Defining Data Mining
This article is excerpted from the book Business Intelligence Roadmap: The Complete Lifecycle for Decision Support Applications (Addison-Wesley, 2003) by Larissa T. Moss and Shaku Atre.
Data mining is often confused with “writing lots of reports and queries,” when in fact data mining activities do not involve any traditional report writing or querying at all. Data mining is performed through a specialized tool, which executes predefined data mining operations based on analytical models.
Data mining is the analysis of data with the intent to discover gems of hidden information in the vast quantity of data that has been captured in the normal course of running the business. Data mining is different from conventional statistical analysis, as illustrated in Table 1. They both have strengths and weaknesses.
Table 1 Statistical Analysis vs. Data Mining
The following two examples further illustrate the difference between a traditional analysis approach and discovery-driven data mining. Table 2 is an example of insurance fraud, and Table 3 is an example of market segmentation.
Table 2 Insurance Fraud Example
Table 3 Market Segmentation Example
Data Mining Data Sources
Data warehouse (DW) databases are popular sources for data mining applications because they contain a wealth of internal data from across business boundaries, which was gathered, consolidated, validated, and cleansed in the extract/transform/load (ETL) process. DW databases may also contain valuable external data, such as regulations, demographic, or geographic data, which when combined with internal organizational data offers a firm foundation for data mining.
However, once the data has been summarized for the DW, hidden data patterns, data relationships, and data associations are often no longer discernable from that data pool. For example, the tool may not be able to perform the common data mining task of market basket analysis with sales data, which was summarized by week, by product, and by store because some detailed data pattern about each sale may have gotten lost in the summary. Therefore, operational files and databases are also popular sources for data mining applications since they contain transaction-level detailed data with a myriad of hidden data patterns, data relationships, and data associations.
Data mining tools could theoretically access the operational databases and DW databases directly without building data mining databases first, as long as the database structures are supported by the tool (e.g. relational like Oracle, hierarchical like IMS, or even a flat file like VSAM). However, accessing operational and DW databases directly is not an advisable practice for several reasons:
The data pool needs to be able to change for the data mining tool, such as dropping a sales region or restricting a product type for specific mining purposes.

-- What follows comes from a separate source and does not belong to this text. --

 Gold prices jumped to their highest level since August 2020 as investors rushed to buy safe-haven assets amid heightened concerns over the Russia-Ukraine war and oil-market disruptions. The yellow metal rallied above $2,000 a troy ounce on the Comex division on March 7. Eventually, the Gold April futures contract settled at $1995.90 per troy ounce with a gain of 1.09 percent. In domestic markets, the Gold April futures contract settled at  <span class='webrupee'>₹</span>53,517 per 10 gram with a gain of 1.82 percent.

Changing the data content of operational or DW databases is not possible.
The performance of operational as well as DW databases would be impacted by the data mining operations. That is unacceptable for operational databases, and not desirable for DW databases.

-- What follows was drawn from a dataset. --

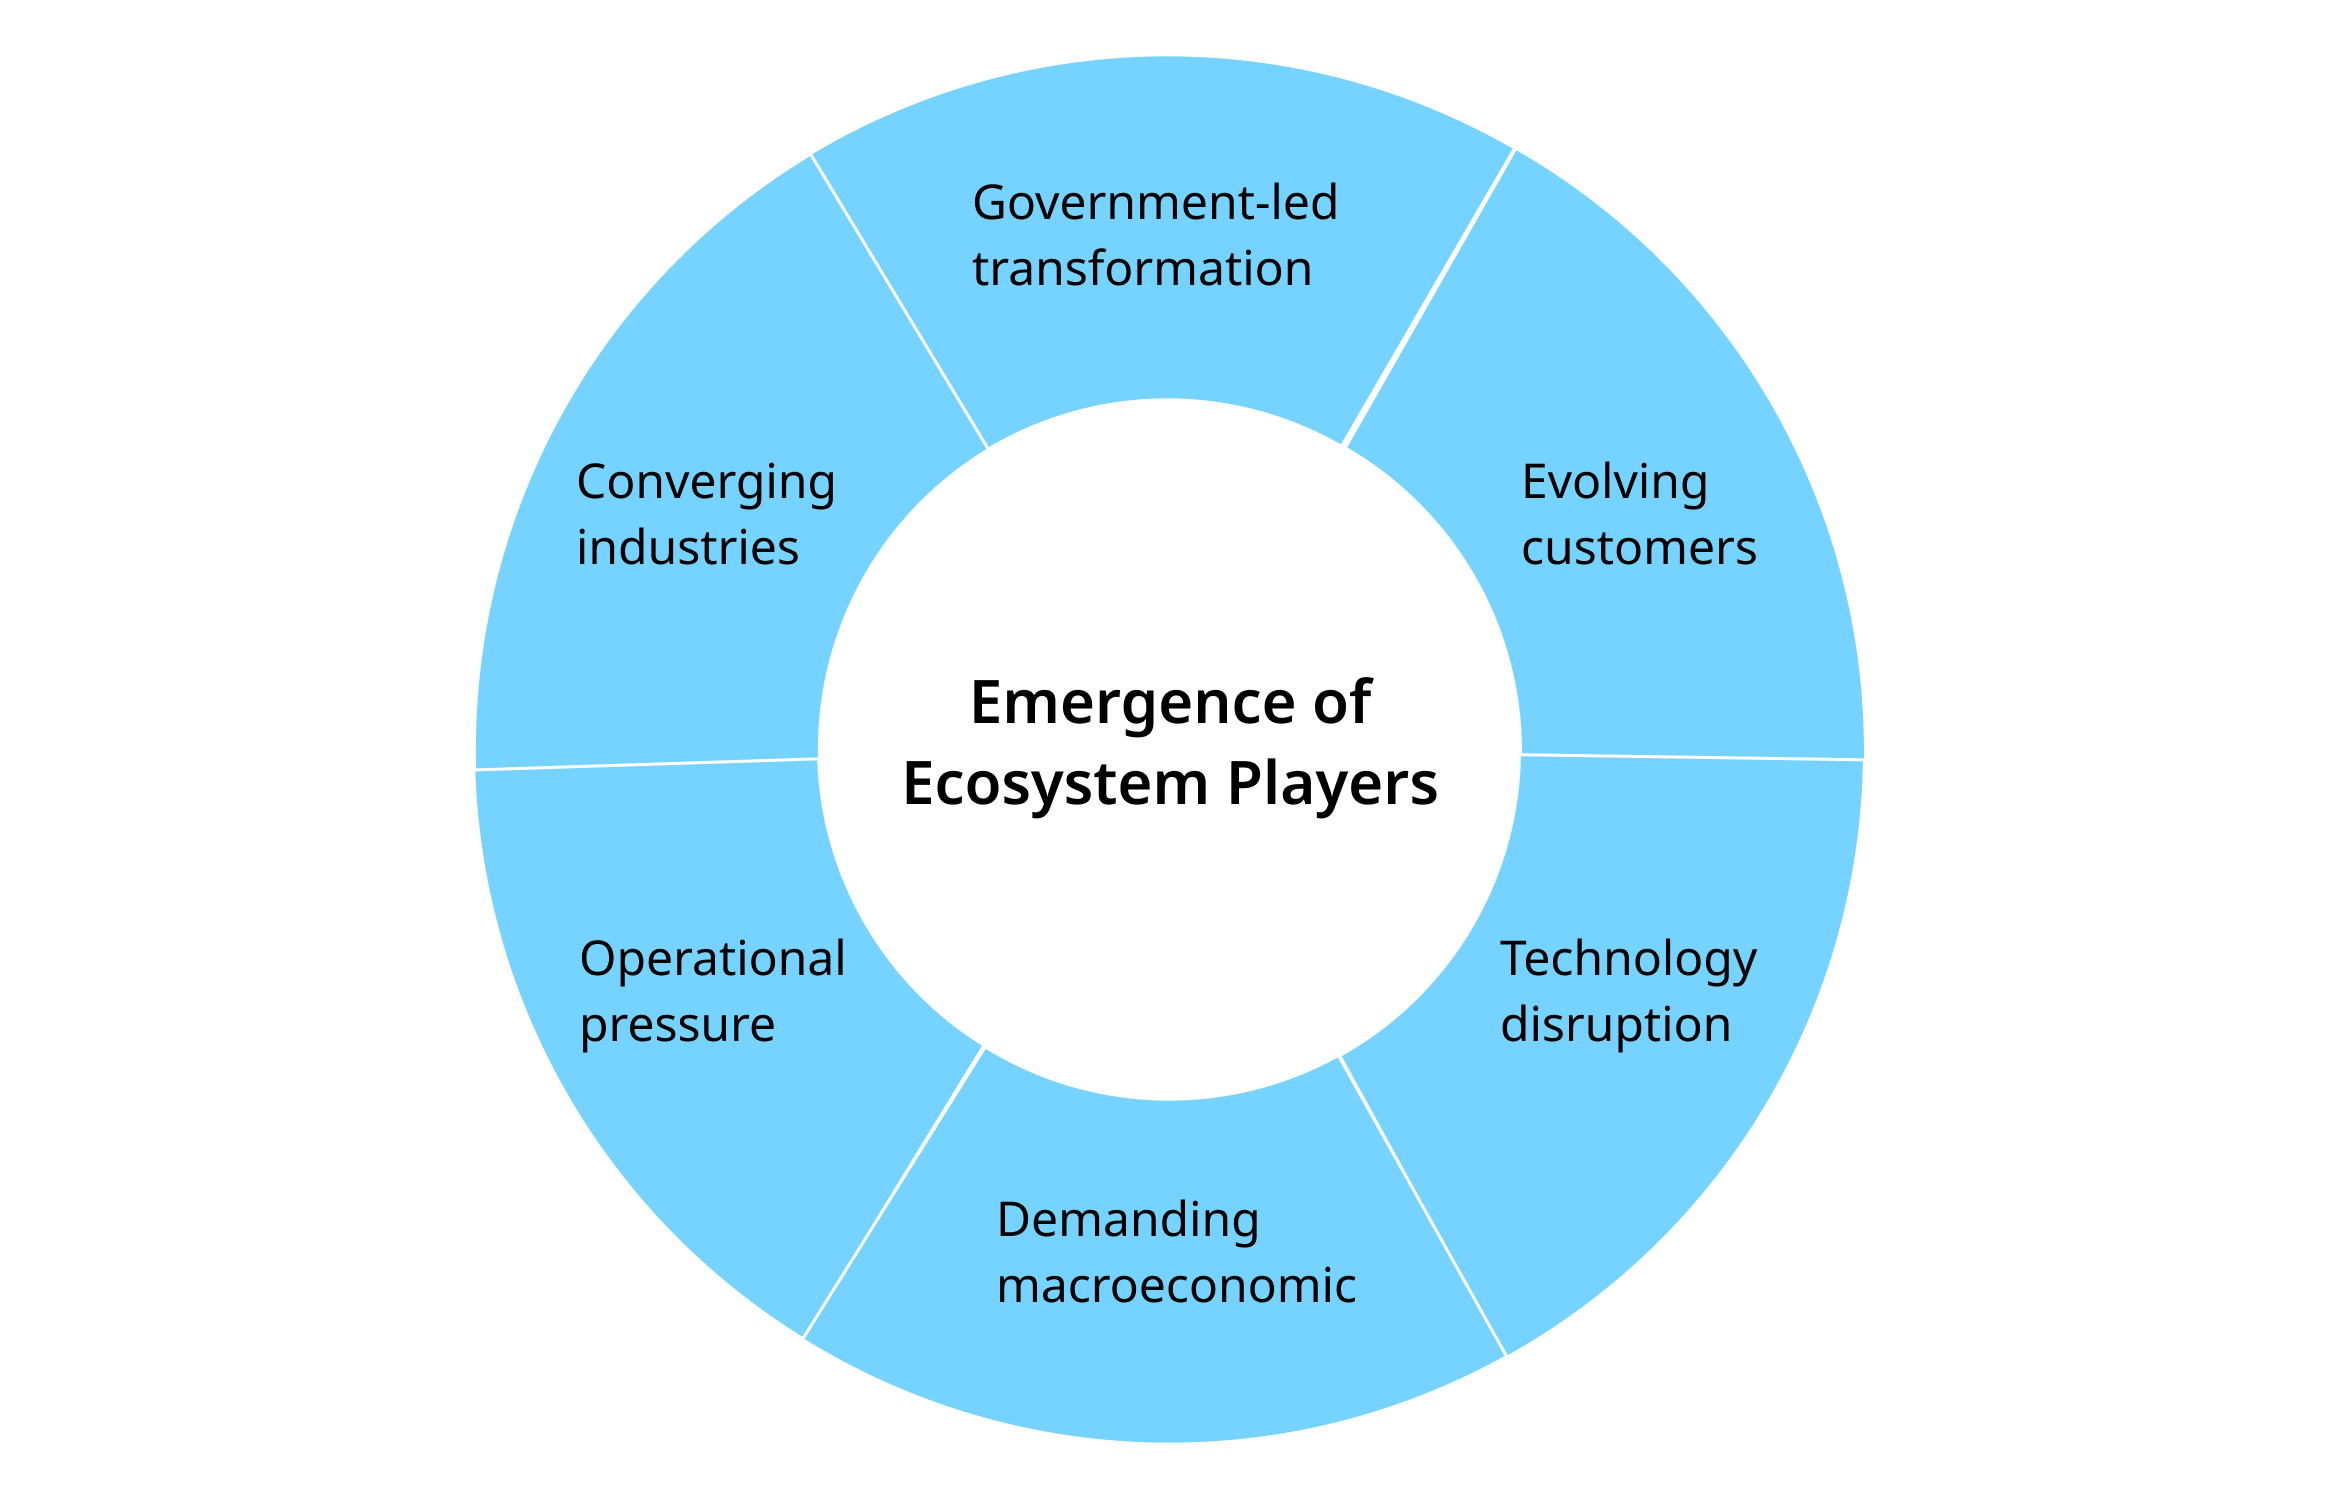 An image with the title "Emergence of Ecosystem Players". Under it, 6 items are listed: 1. Government-led transformation. 2. Evolving customers. 3. Technology disruption. 4. Demanding macroeconomic. 5. Operational pressure. 6.Converging industries.

A data mining operation may need detailed historical data. Operational databases do not store historical data and DW databases often do not have the desired level of detail. Archival tapes may have to be restored and merged to extract the desired data.
It is therefore common that organizations extract data for data mining from their DW databases and from their operational files and databases as needed into special-purpose data mining databases, as illustrated in Figure 1.
Figure 1 Sources for Data Mining Applications
Data Mining Techniques
Data mining techniques are specific implementations of algorithms which are used in data mining operations. There are six common data mining techniques.
Association analysis is used to identify the behavior of specific events or processes. Associations link occurrences within a single event. An example might be the discovery that men who purchase premium brands of coffee are three times more likely to buy imported cigars than men who buy standard coffee brands.
Association analysis is based on the rule that specifies: If item A is part of an event then X % of the time (confidence factor) item B is part of the same event. Examples of association analysis may be:
If a customer buys snacks, there is an 85% probability that the customer will also buy soft drinks or beer.
If a person buys vacation airline tickets for an entire family, there is a 95% probability that he or she will rent a full-size car at the vacation location.
With the help of scanners, retail stores can develop hypotheses for buying patterns in grocery stores. Because of the context of a grocery store, association analysis is sometimes calledmarket basket analysis.
Sequences are similar to associations, but they link events over time and determine how items relate to each other over time. For example, sequence discovery might predict that a person who buys a washing machine may also buy a clothes dryer within six months with a probability of 0.7. To increase their chances above the predicted 70% probability, the store may choose to offer a 10% discount on clothes dryers to all buyers of washing machines within three or four months after their washing machine purchase.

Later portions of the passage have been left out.